Dès l’année prochaine en première, l’année scolaire va donc être interrompue et régulièrement désorganisée par ces évaluations locales récurrentes qui risquent, en outre, de dégrader la relation pédagogique de confiance entre les enseignants et leurs élèves, puisque, jusqu’à présent, les évaluations en cours d’année, servaient à vérifier les acquis, repérer les lacunes et y remédier et, in fine, faire progresser les élèves jusqu’au baccalauréat final, au bout de deux ans de préparation progressive. Le « bac Blanquer » impose un régime permanent d’évaluation qui peut être contraire aux apprentissages et à l’épanouissement des élèves.

Cette désorganisation permanente de l’année scolaire interrompue et amputée par les semaines de « partiels » en cours d’année conduit à l’impossibilité de traiter correctement[1] et entièrement les programmes toujours aussi encyclopédiques. En effet, ces programmes sont prévus pour une année scolaire théorique de 36 semaines, alors que la tenue des examens partiels locaux au printemps écourtera l’année scolaire à 26 semaines, dans le meilleur des cas, c’est-à-dire, sans compter l’organisation d’examens blancs, de jours dédiés à l’orientation, aux voyages et sorties scolaires, aux jours fériés…

Comme pour les autres services publics (police, justice, hôpital, transports collectifs, infrastructures de loisir, espaces verts…), il existe d’importantes inégalités entre les écoles, collèges et lycées, du fait des inégalités territoriales et sociales grandissantes depuis la crise de 2008 et des politiques d’austérité menées depuis. Le dossier scolaire des bacheliers est donc, malheureusement, déjà entaché de signaux réputationnels redoutables lors de l’orientation post-bac. La réforme du bac Blanquer, au lieu de lutter contre ces inégalités qui affaiblissent l’idéal républicain et l’objectif d’égalité des chances, va les accroitre, puisque 40% de la note du baccalauréat résultera du contrôle continu local.

Un lycée low cost qui tourne le dos à la démocratisation et à l’émancipation de la jeunesse

Comme le nouveau baccalauréat, le lycée Blanquer vise d’abord à récupérer des moyens, à économiser sur la formation des lycéens. Par la simple application de la réforme, 2600 postes vont être supprimés en 2019 au niveau national en collège et lycée, 600 postes dans l’enseignement privé et 400 dans les rectorats. De très nombreuses heures de cours, options et dispositifs à effectifs réduits vont disparaître. Il s’agit d’un plan social qui ne dit pas son nom. En Alsace, à la rentrée 2019, il y aura 1000 élèves de plus en collège et 1100 en lycée sans aucune création de postes. Les classes vont être encore plus surchargées. Cette année, ce sont essentiellement nos collègues vacataires et les heures supplémentaires qui absorbent cette diminution budgétaire dont souffrent les rectorats qui doivent répartir la pénurie de moyens.
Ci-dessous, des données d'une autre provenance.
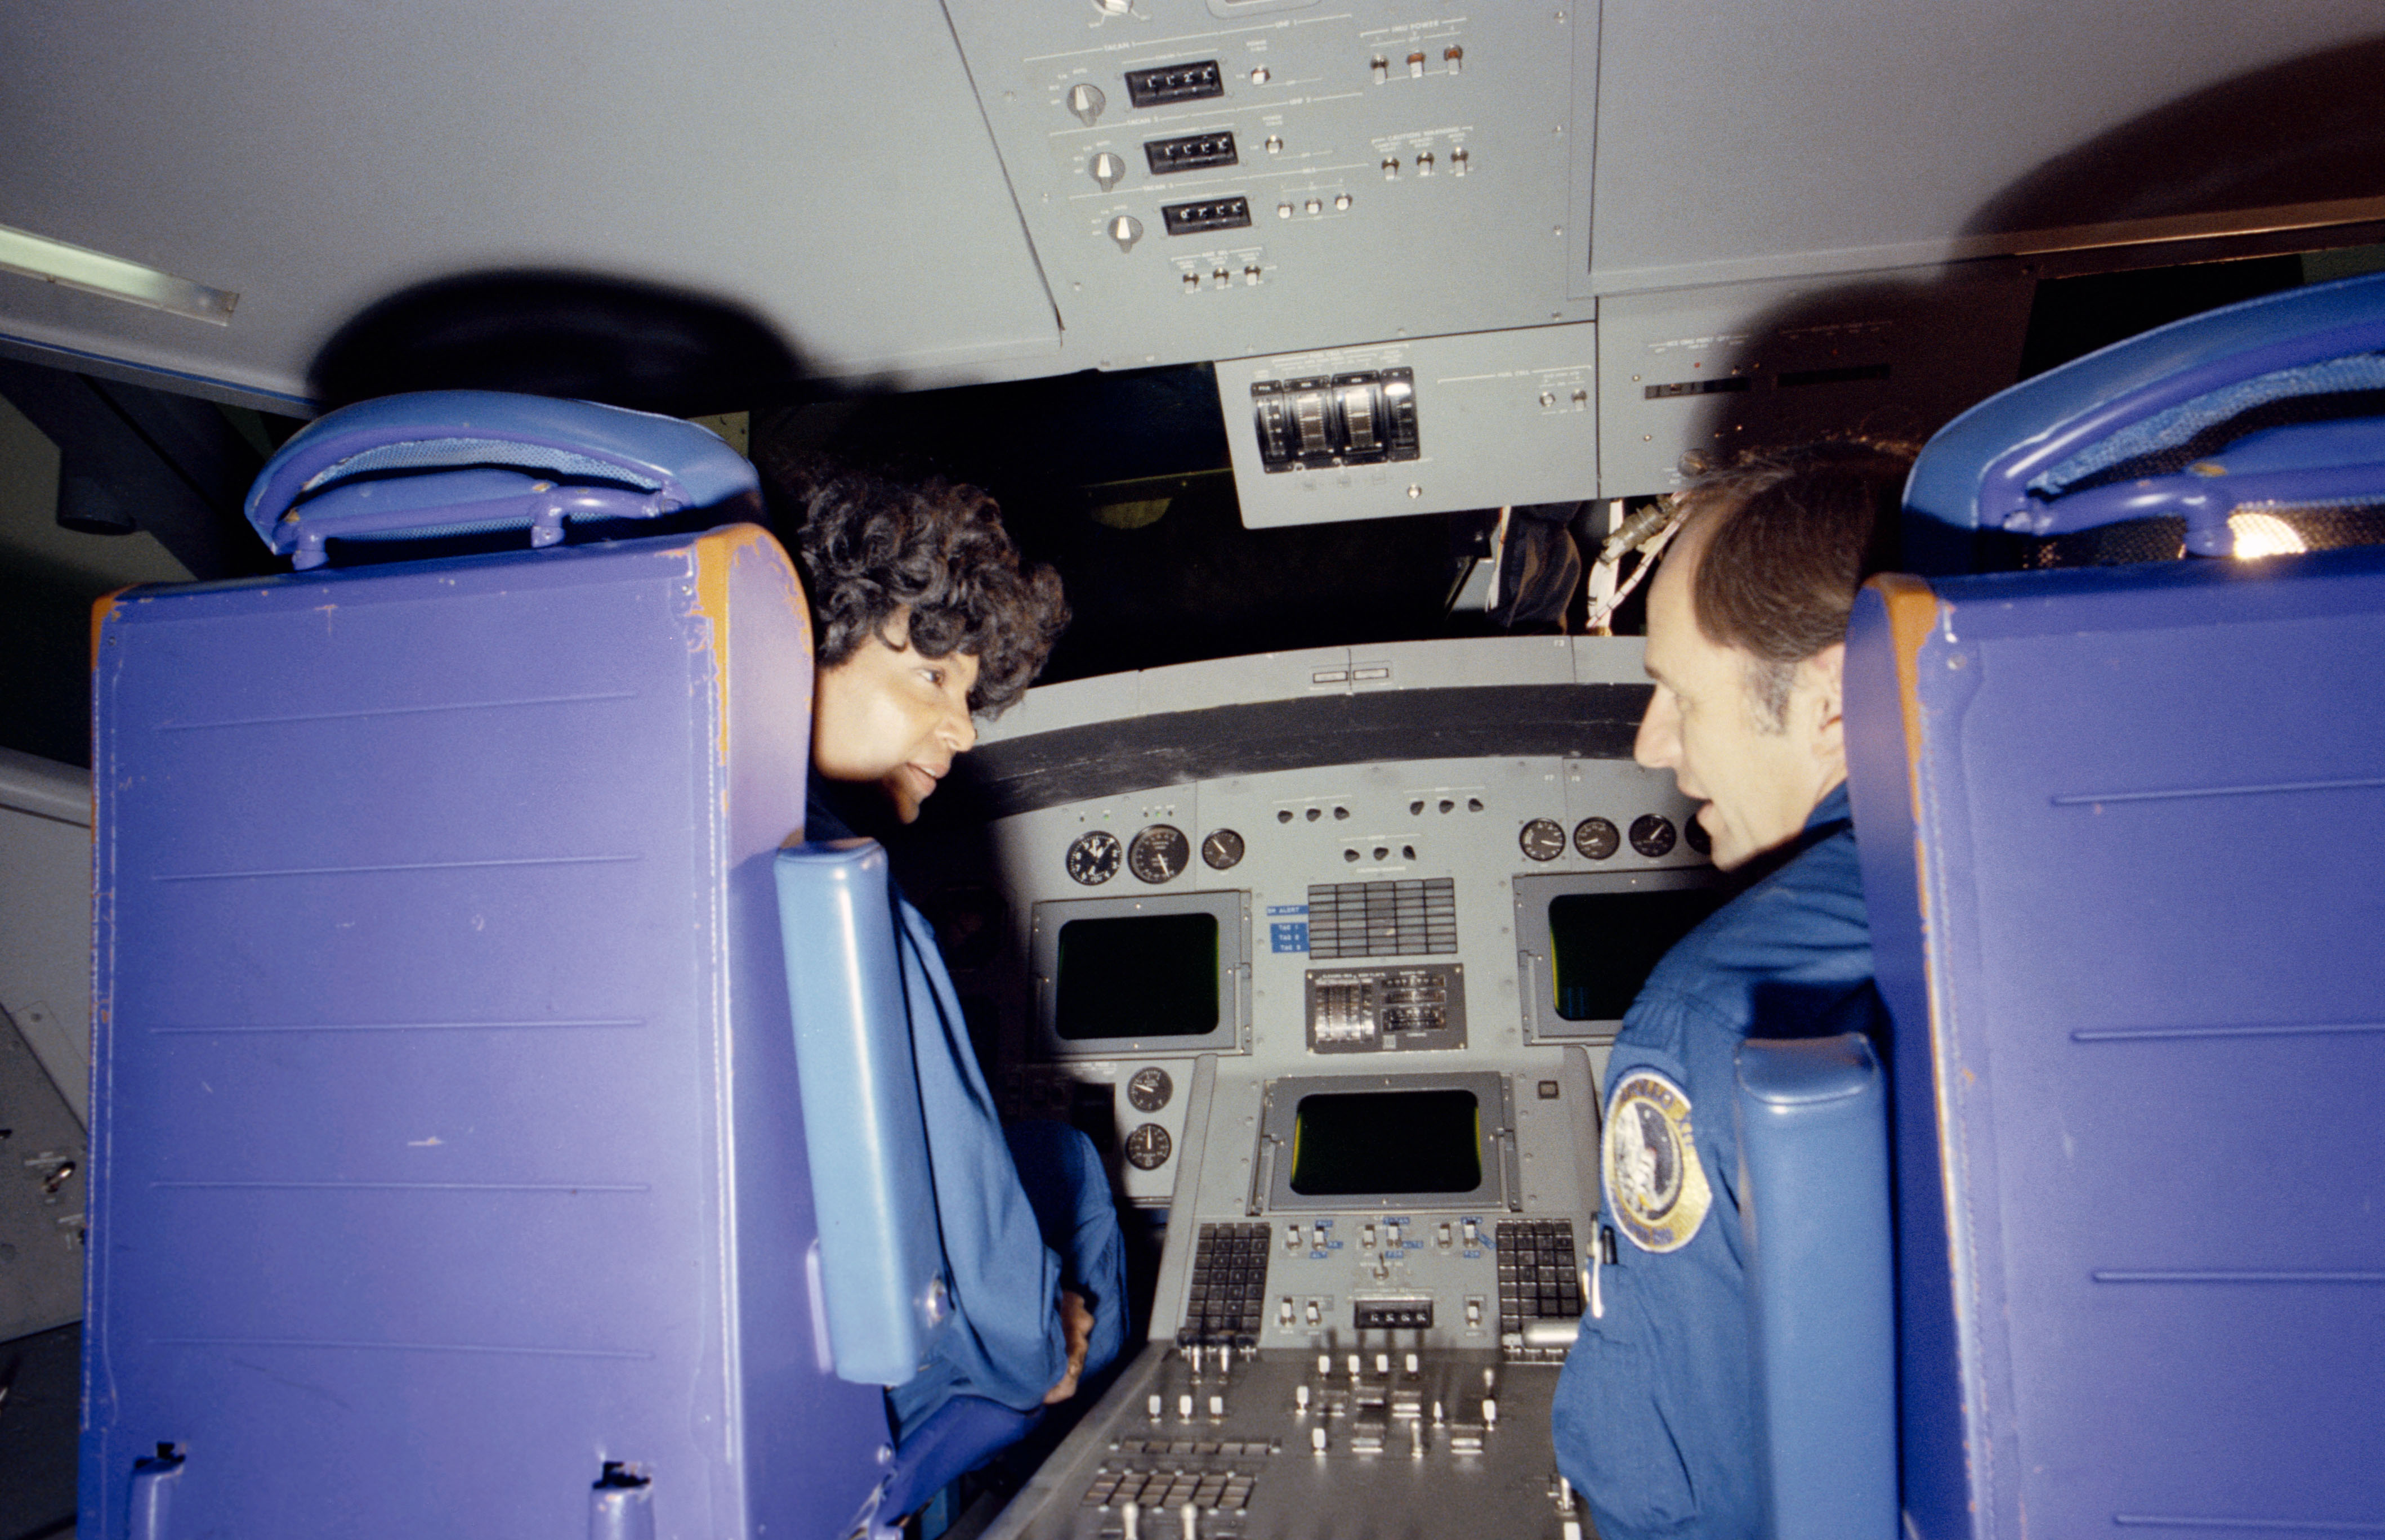 Star Trek cast member Nichelle Nichols, left, in the shuttle simulator with astronaut Alan L. Bean at NASA’s Johnson Space Center (JSC) in Houston

La suppression des séries et la mise en avant d’une prétendue liberté de choix des élèves en fin de seconde n’est qu’un tour de passe-passe, un écran de fumée communicationnel pour masquer la dégradation de la qualité des conditions d’enseignements et la dégradation de l’encadrement des élèves.

La liberté de choix proposée aux élèves n’est qu’un leurre, et les élèves et parents de seconde cette année le savent parfaitement. Toutes les spécialités ne sont pas proposées dans tous les lycées, le nombre de places par spécialité est contingenté du fait de la taille des salles de classe et des dotations budgétaires en baisse dans chaque lycée. Sur le terrain, toutes les combinaisons de spécialités ne sont pas possibles. Les élèves peuvent être amenés à changer d’établissement ou à recourir à l’enseignement à distance du CNED en cas d’offre de spécialité manquante ou insuffisante dans leur lycée d’origine.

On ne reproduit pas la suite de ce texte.